CSCI 161 Spring 2005: ADTs

CSCI 161 Spring 2005: Abstract Data Types (ADTs)

Overview

Since many software projects are extremely complex, one of the major problems a software designeer faces is abstraction: the ability to consider a block of information in "just enough" detail to solve the immediate problem.

An abstraction may be defined as "a model of a complex system that includes only the details essential to the perspective of the viewer of the system" ^{(N Dale, C++ Data Structures, 1999)}.

There are two major forms of abstraction:

control abstraction - in which we encapsulate and give a logical name to a sequence of actions (e.g. taking a series of C++ statements and grouping them into a function)
data abstraction - in which we group a set of data items into a single logical entity (e.g. creating a "Student Record" data type, as a structure which includes a student's name, id number, grade point average, etc.)

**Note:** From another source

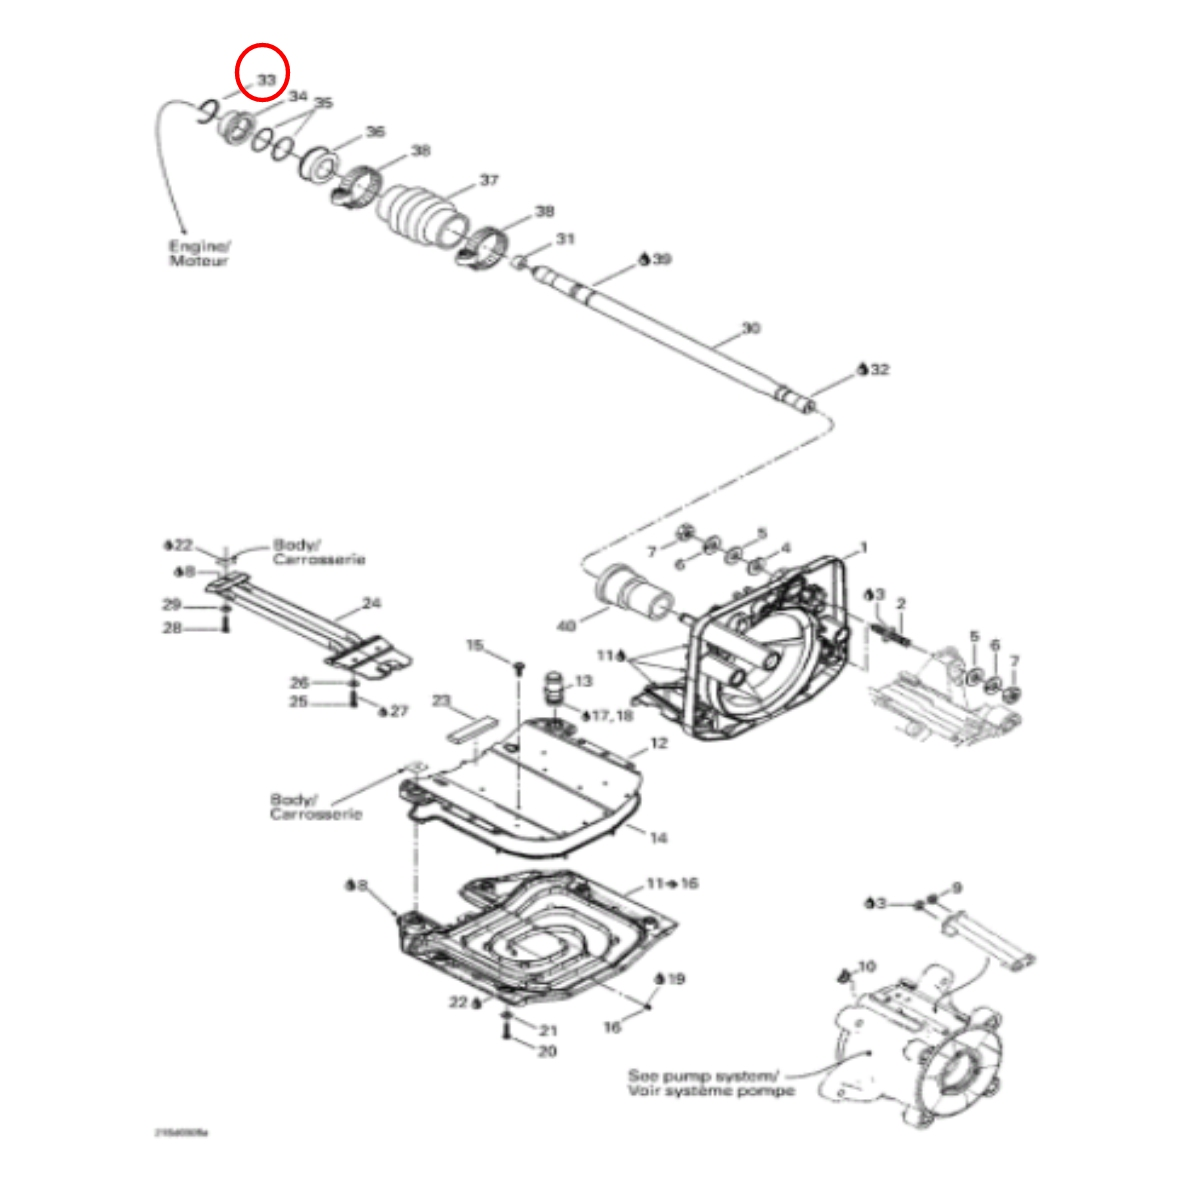 Clip Eixo Transmissão Jet Ski SEADOO GTI,GTX 155 4 TEC  - Radical Peças - Peças para Jet Ski

This semester (and in many of your subsequent computing courses) we will consider logical entities which include both control and data abstractions: abstract data types, or ADTs.

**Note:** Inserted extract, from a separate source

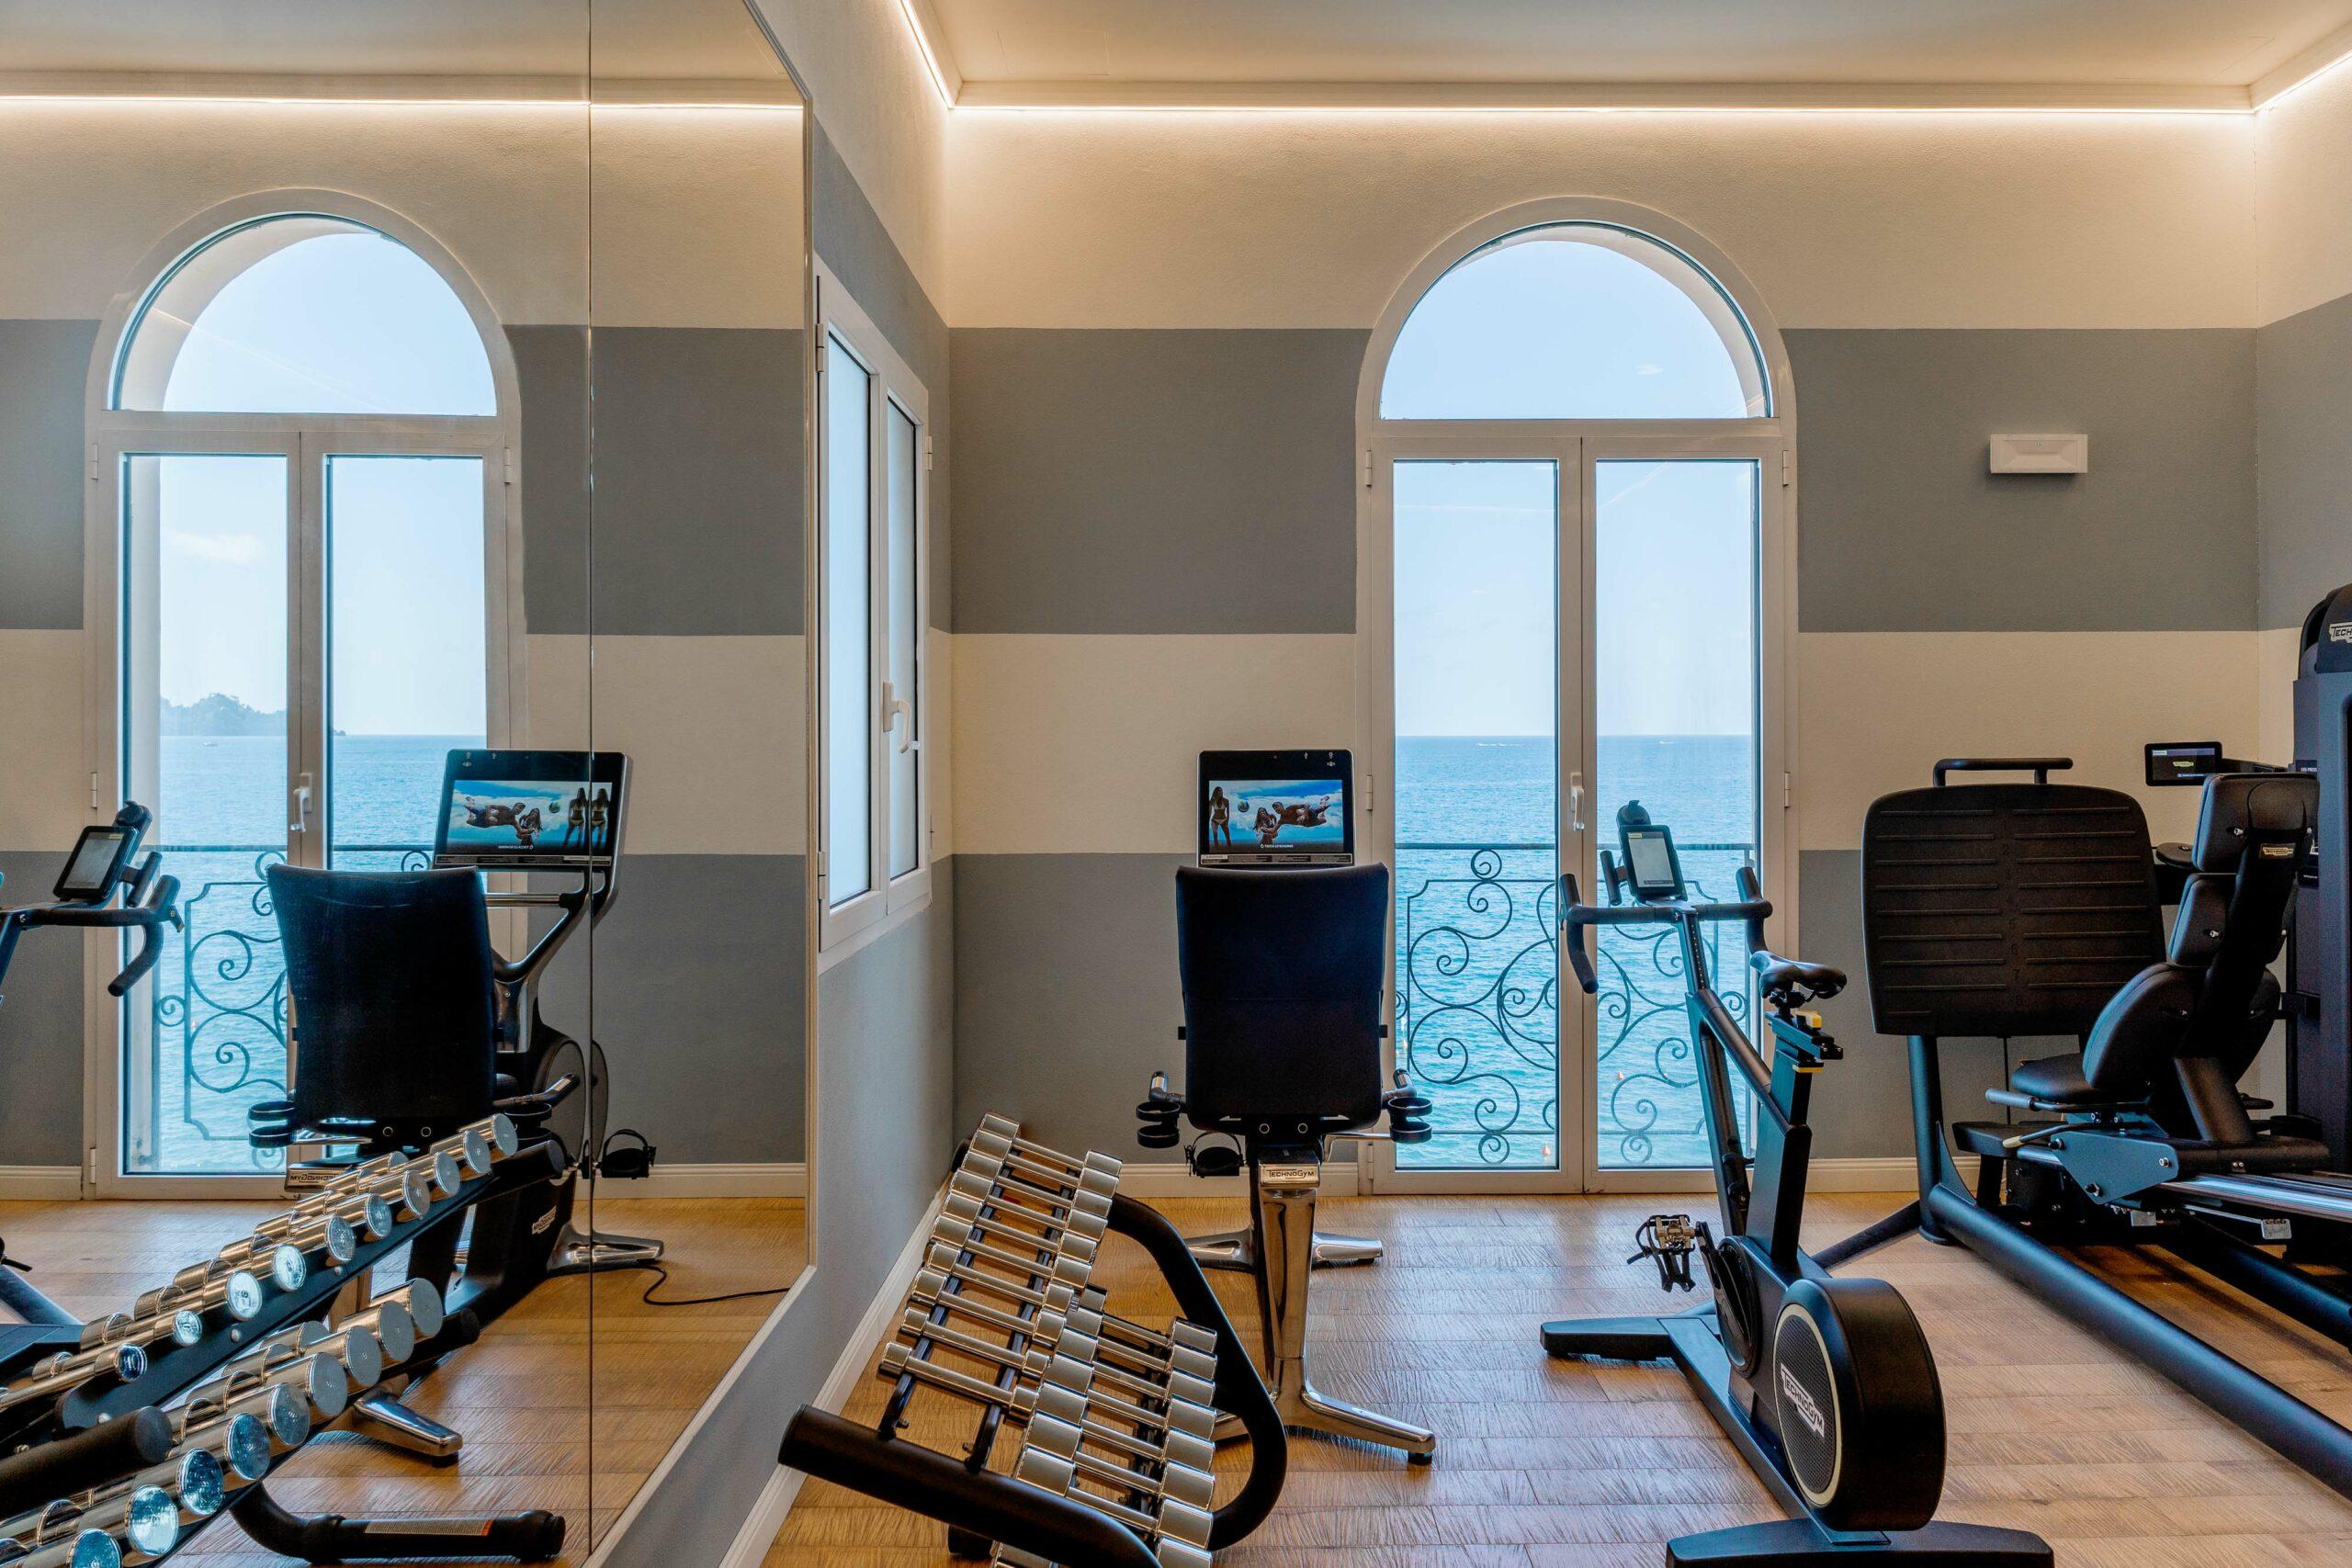 Hotel-Excelsior-Rapallo_Immodrone_Gym2

Data abstraction and implementation hiding

An ADT includes all the data associated with a particular logical data entity, plus all the fundamental operations which manipulate that type of data entity.

For example, suppose we are maintaining an online dictionary.

The ADT representing the dictionary might represent the dictionary as a list of entries, with each entry composed of a spelling, a pronunciation, a definition, and an example of use.
The operations associated with the ADT might be:
- create a new (empty) dictionary
- look up the entry for a particular word
- update the entry associated with a particular word
- create and add an entirely new entry
- delete an outdated entry

We will also consider access to the ADT in two parts:

A public interface, and
A private implementation

The public interface gives the following:

The name of each of the ADT operations a programmer might need in order to use the ADT, along with the return type (if any), and the parameter type(s) and order.
A "black box" description of each ADT operation. This description precisely defines all the user-visible behaviour of the operation. I.e. it describes what the operation does for the user (though not how it does it), including error handling and any assumptions about the parameters or pre-requisites to using the operation.
For example, suppose we have a routine to generate random numbers. Here is a potential interface and black box description:
```
int GenRandom(int lower, int upper)
// The GenRandom routine generates and returns a random integer
//     in the range lower..upper (inclusive)
// It assumes that both supplied parameters are positive integers,
//     and will return 0 if either value is less than 1
// It also assumes that the random number generator has been
//     previously initialized by a call to routine InitializeRandGen
```

Obviously the designer(s) and implementor(s) of the ADT need to know both the interface and the implementation, but other programmers who merely wish to include the ADT as part of their programs only need to know how to use the public ADT interface, they do not need to know the implementation details.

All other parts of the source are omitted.